Gartenreichbrief -
Neues von der Kulturstiftung

Am südöstlichen Rand der Wörlitzer Anlagen ließ Fürst Franz von Anhalt-Dessau um 1790 in unmittelbarer Umgebung der Felseninsel „Stein“ die Grotte der Egeria errichten. Im Laufe des Jahres 2021 soll die Gartenarchitektur mit der darin befindlichen namensgebenden Statue instandgesetzt und restauriert werden.

Als Vorbild für das Bauwerk diente ein südlich von Rom gelegenes antikes Nymphaeum aus dem 2. Jahrhundert, das seit seiner Wiederentdeckung den Namen „Grotte der Egeria“ trägt. Vielfältige Darstellungen des 18. Jahrhunderts zeigen diese von Pflanzen überwachsene Ruine mit einem durch sie hindurchfließenden Wasserlauf, im Inneren jedoch anstelle der Quellnymphe Egeria die liegende Statue eines männlichen Flussgottes.

Die Wörlitzer Grotte bildet ein – aus Porphyr und Sandstein gemauertes – nach Westen ruinenhaft abbrechendes und nach Osten mit einer Stirnwand geschlossenes Tonnengewölbe mit verschieden langen Seitenwänden. Rückwärtig greift das Bauwerk leicht schräg in den Wall ein, der die Anlagen nach Süden begrenzt. Die nördliche Wand weist drei rundbogige Nischen auf, während an der gegenüberliegenden sehr viel kürzeren Südwand nur eineinhalb Nischen errichtet wurden.

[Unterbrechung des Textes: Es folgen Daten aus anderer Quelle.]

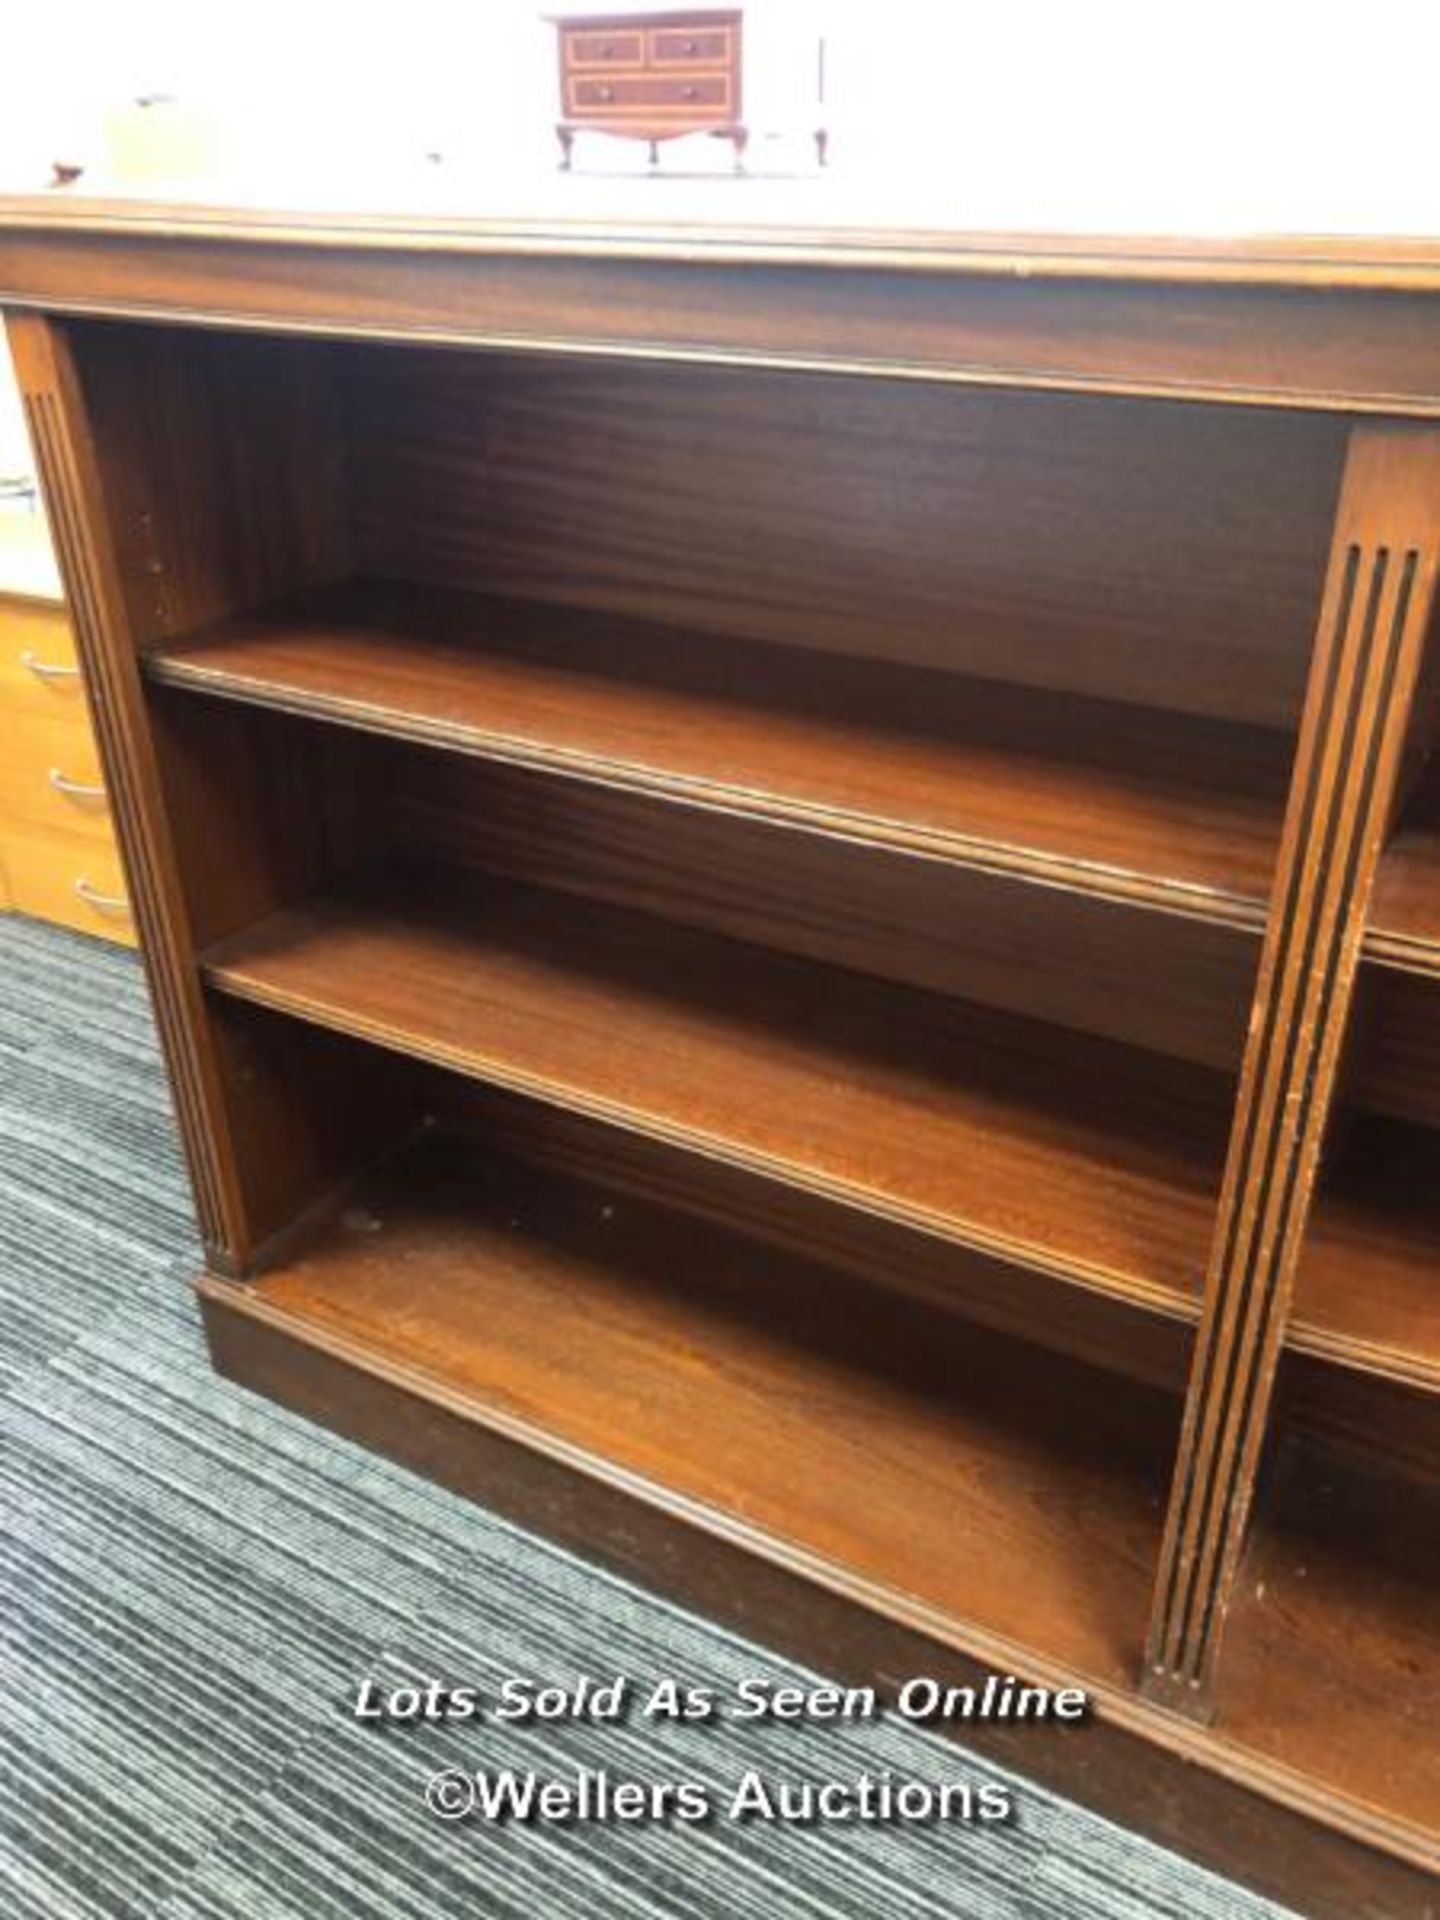 MID-RISE BOOKCASE WITH SIX SHELVES / COLLECTION LOCATION: GODALMING (GU6), FULL ADDRESS AND CONTACT - Image 2 of 4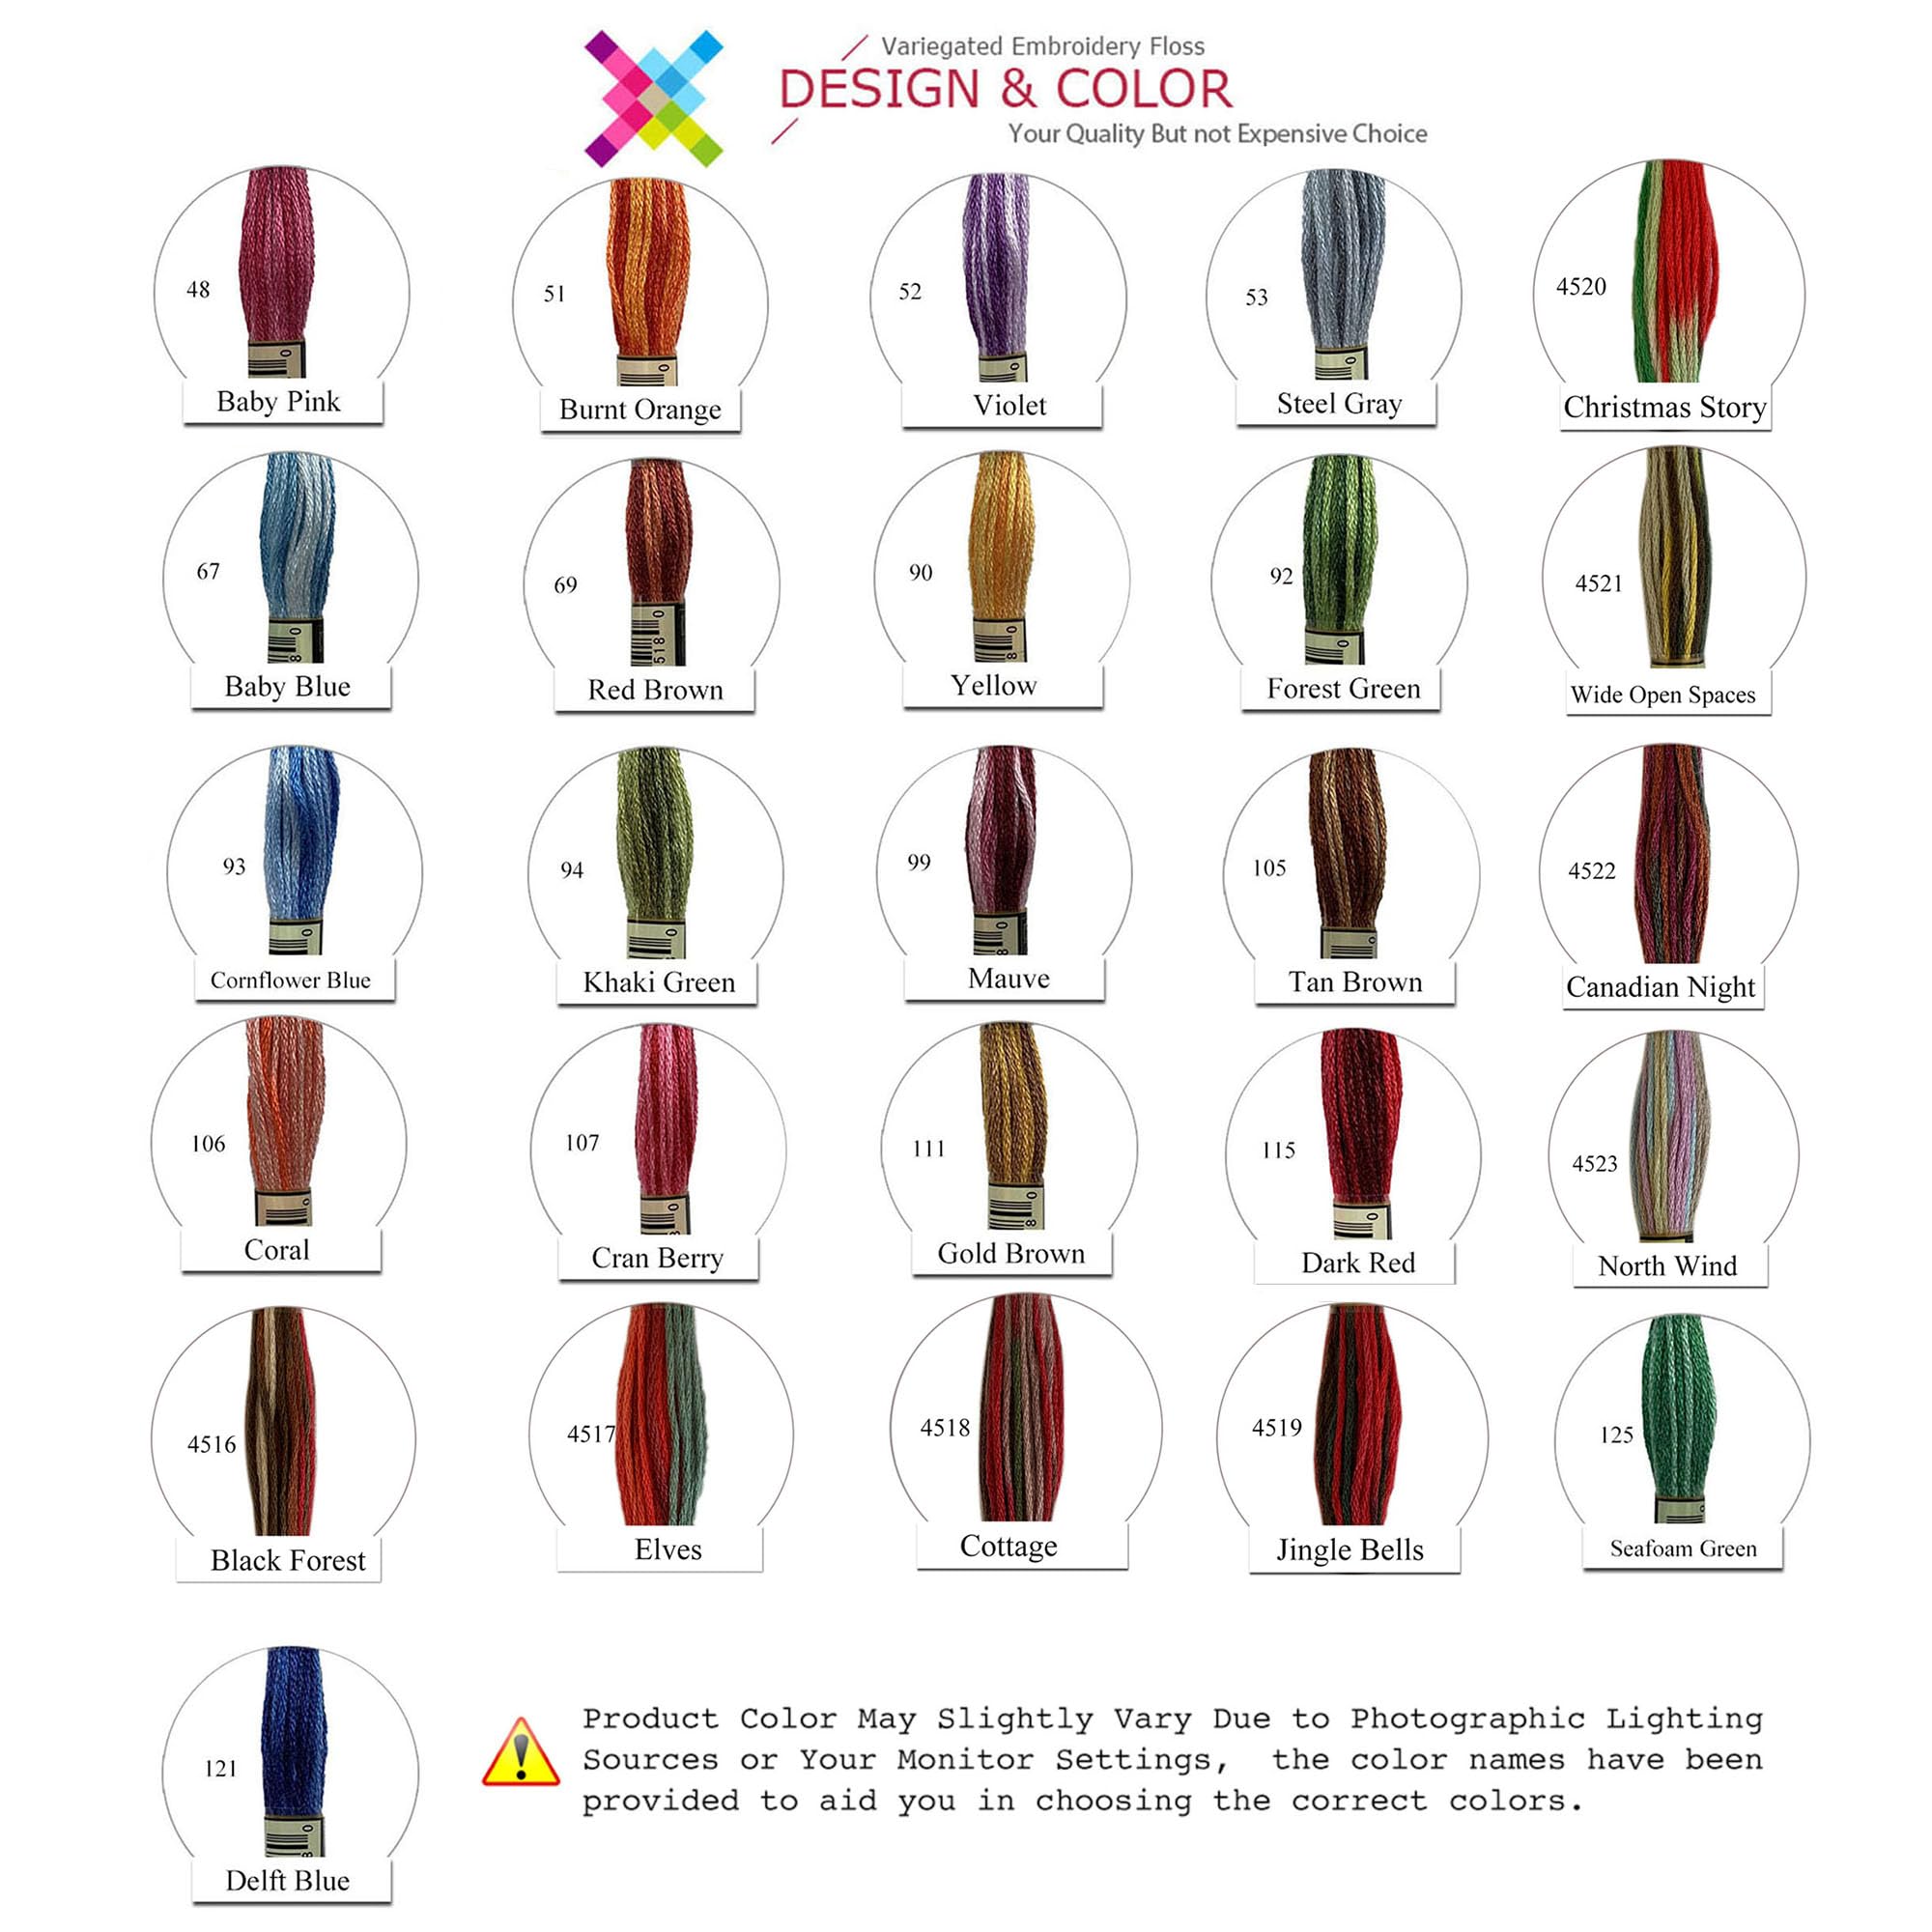 26 Gorgeous Color Variations Floss Variegated Cross Stitch Threads, Set C

So entstand der gewollte ruinenhafte Eindruck. Im Inneren des Gewölbes lagert auf breiten, in der Rückwand verankerten Konsolen die Skulptur der Quellnymphe Egeria. Sie wurde von dem Bildhauer Pfeiffer angefertigt. Die weiß gefasste Sandsteinskulptur bildet einen deutlichen Kontrast zur dunklen Grottenarchitektur und ist bereits aus der Ferne gut sichtbar.

      
Uferweg zur Grotte mit der liegenden Egeria                                

Über eine rundbogige Öffnung in der östlichen Stirnwand verläuft seitlich ein wasserführender Graben durch die Grotte, der das Wasser unmittelbar vor dem Bauwerk in den Wörlitzer See leitet. Vor der Grotte befand sich ursprünglich ein in Sturzlage positioniertes, derzeit im Kunstgutdepot eingelagertes, korinthisches Kapitell.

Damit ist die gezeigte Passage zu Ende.